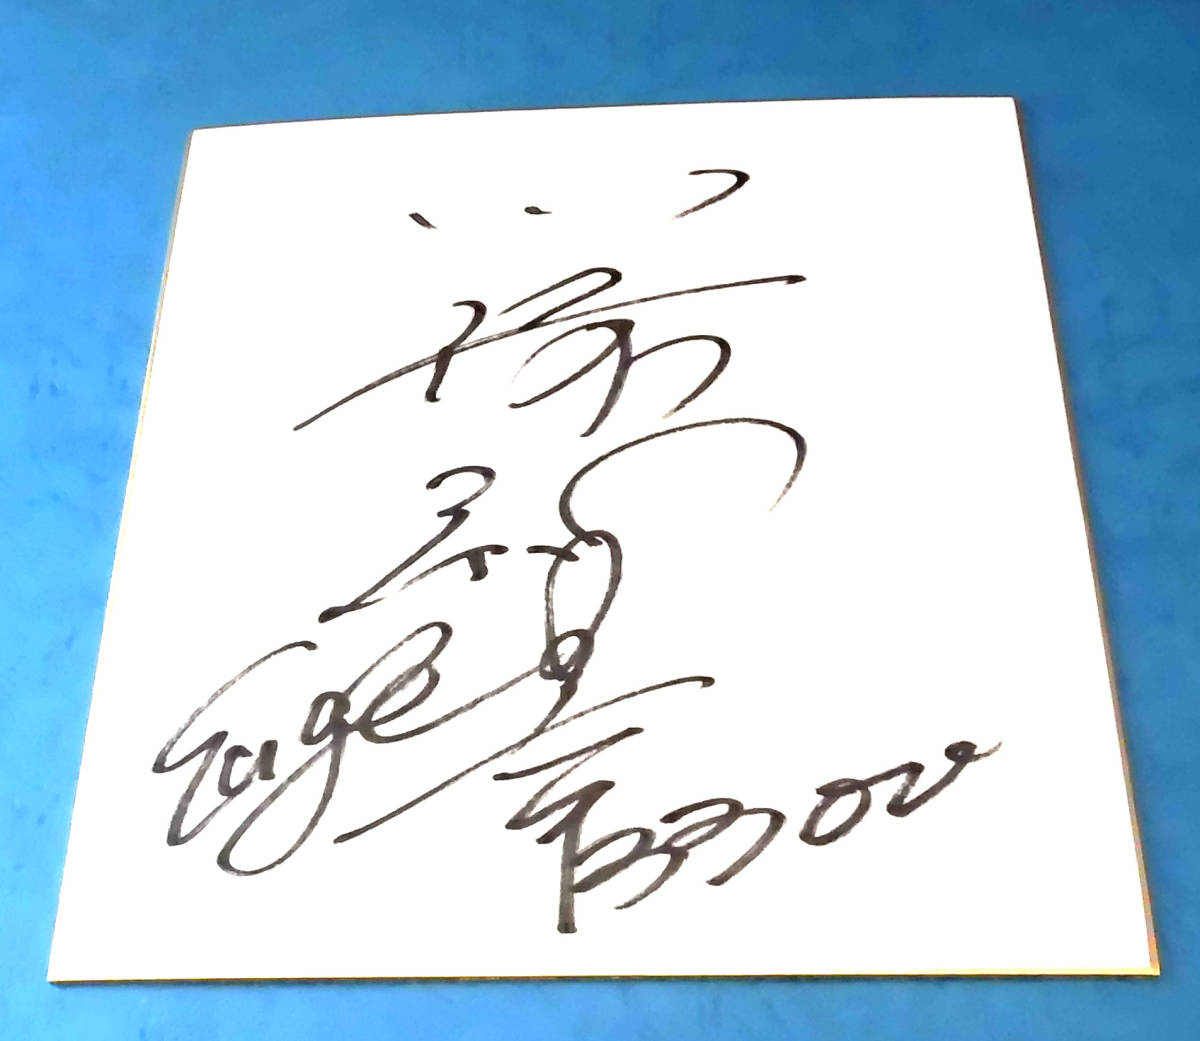 划船比赛 G1 冠军 川崎智之(冈山) 亲笔签名彩纸和亲笔签名 T 恤 划船比赛, 运动的, 闲暇, 划船比赛, 其他的
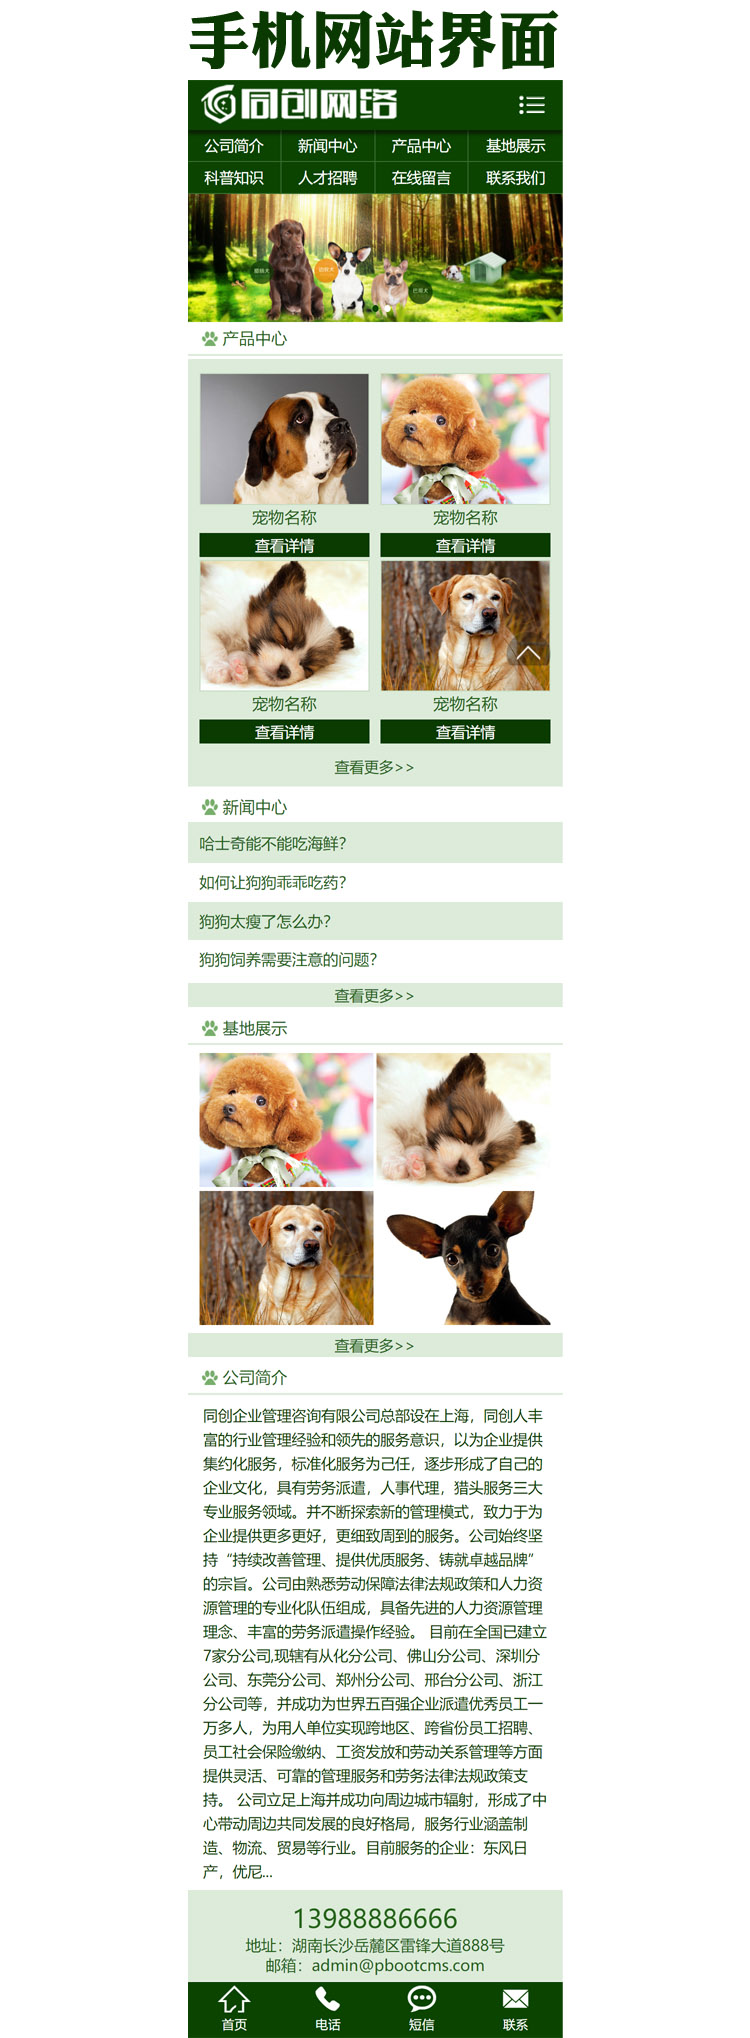 宠物培训基地网站源码程序-XX181-3
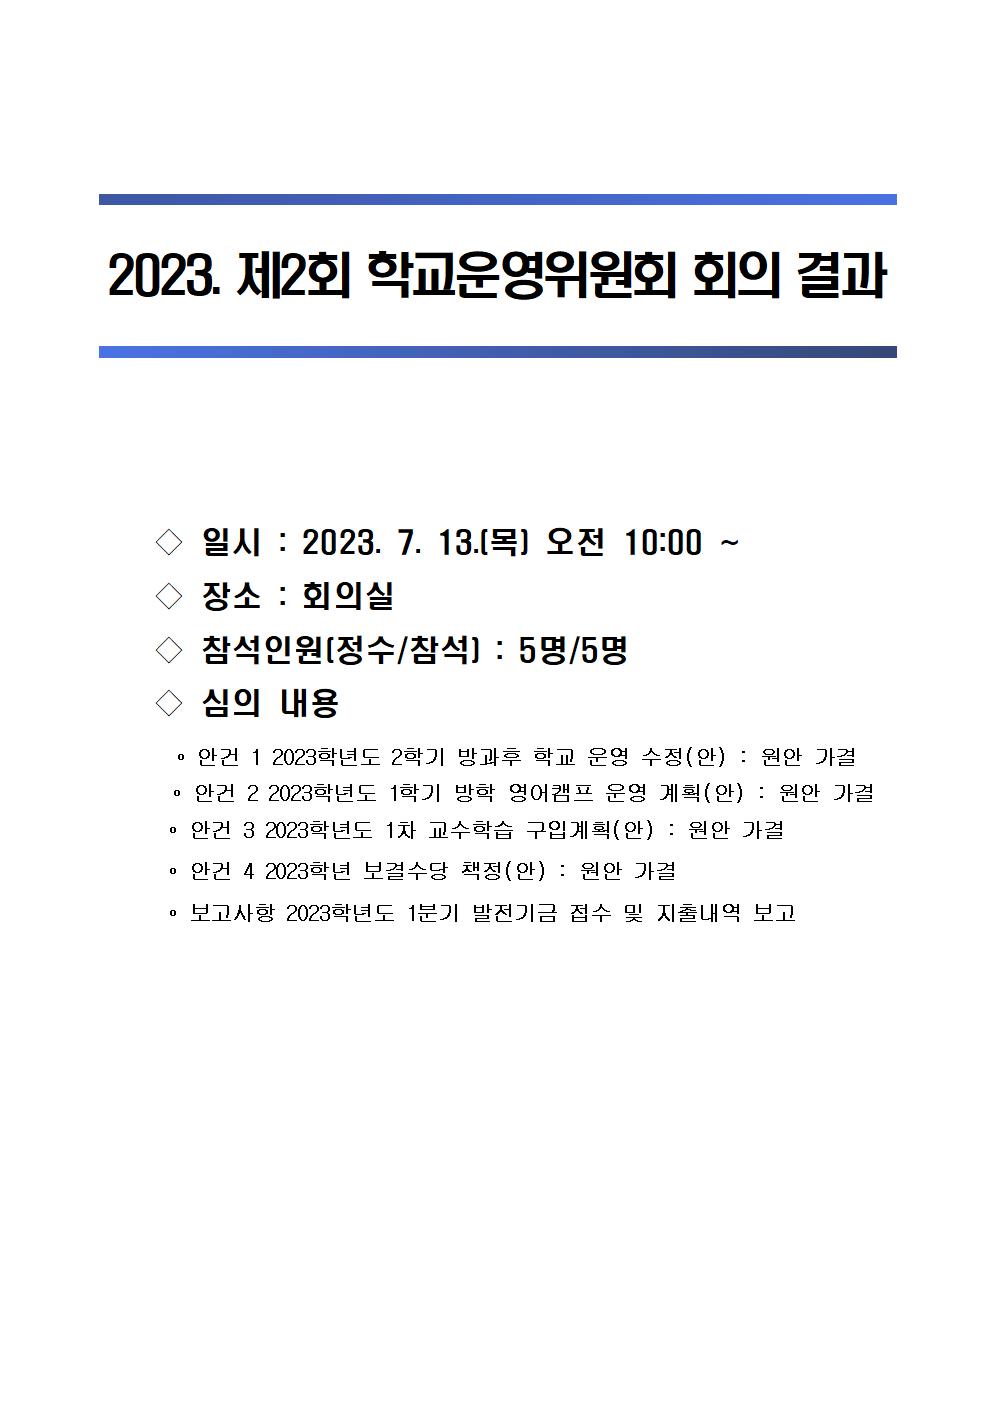 2023. 제2회 학교운영위원회 회의결과.jpg
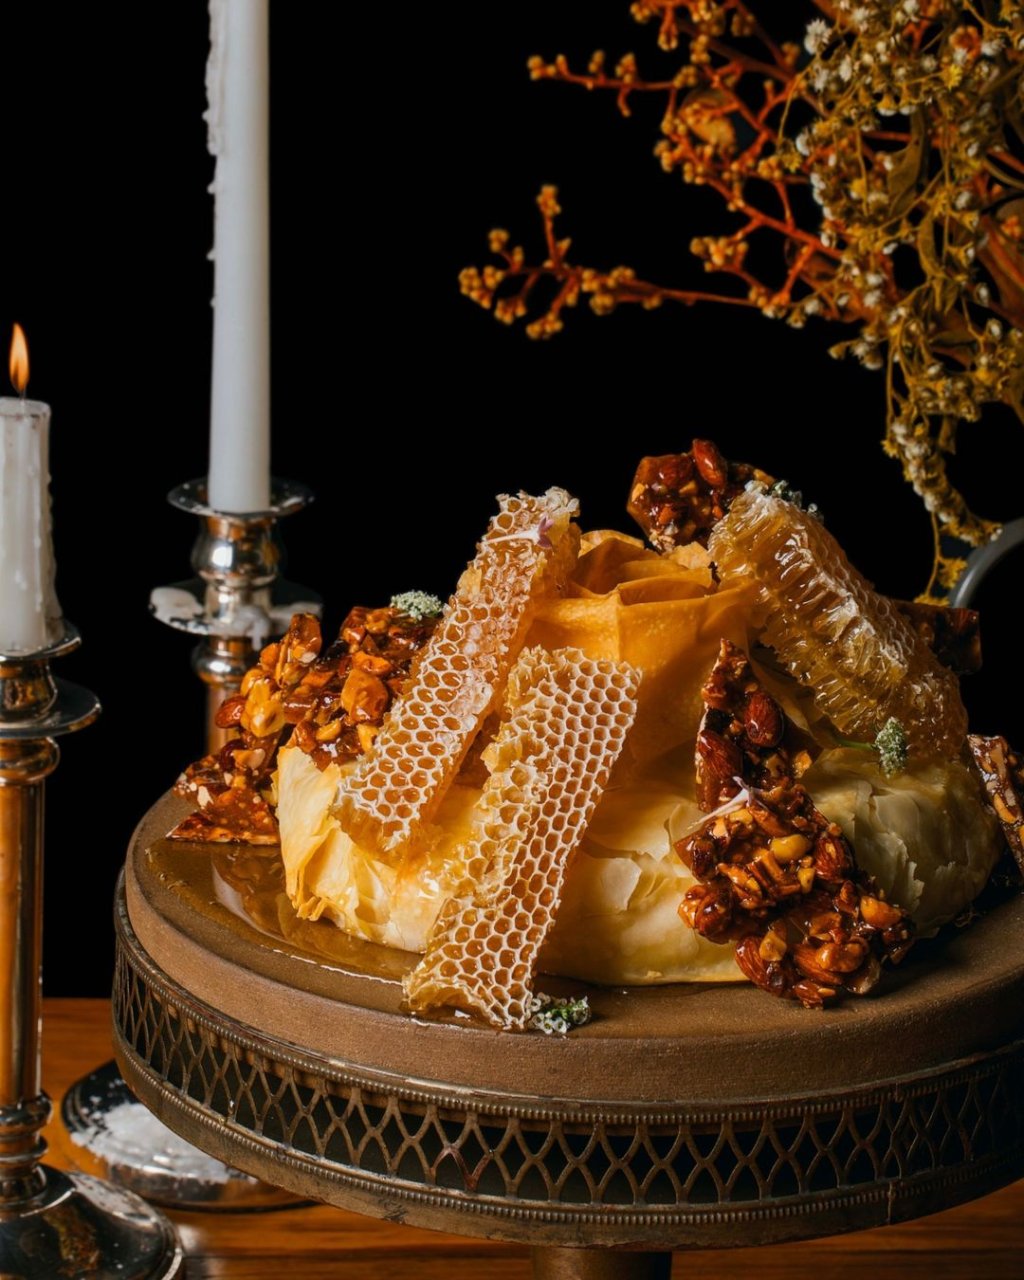 Queijo brie folhado com praliné de nuts e favo de mel, do La Cura

#### BRIEF
Set down the material above exactly. Skip any picture.

#### WRITTEN RESPONSE
 划船比赛 G1 冠军 川崎智之(冈山) 亲笔签名彩纸和亲笔签名 T 恤 划船比赛, 运动的, 闲暇, 划船比赛, 其他的
 宠物培训基地网站源码程序-XX181-3
 2023. 제2회 학교운영위원회 회의결과.jpg
 Queijo brie folhado com praliné de nuts e favo de mel, do La Cura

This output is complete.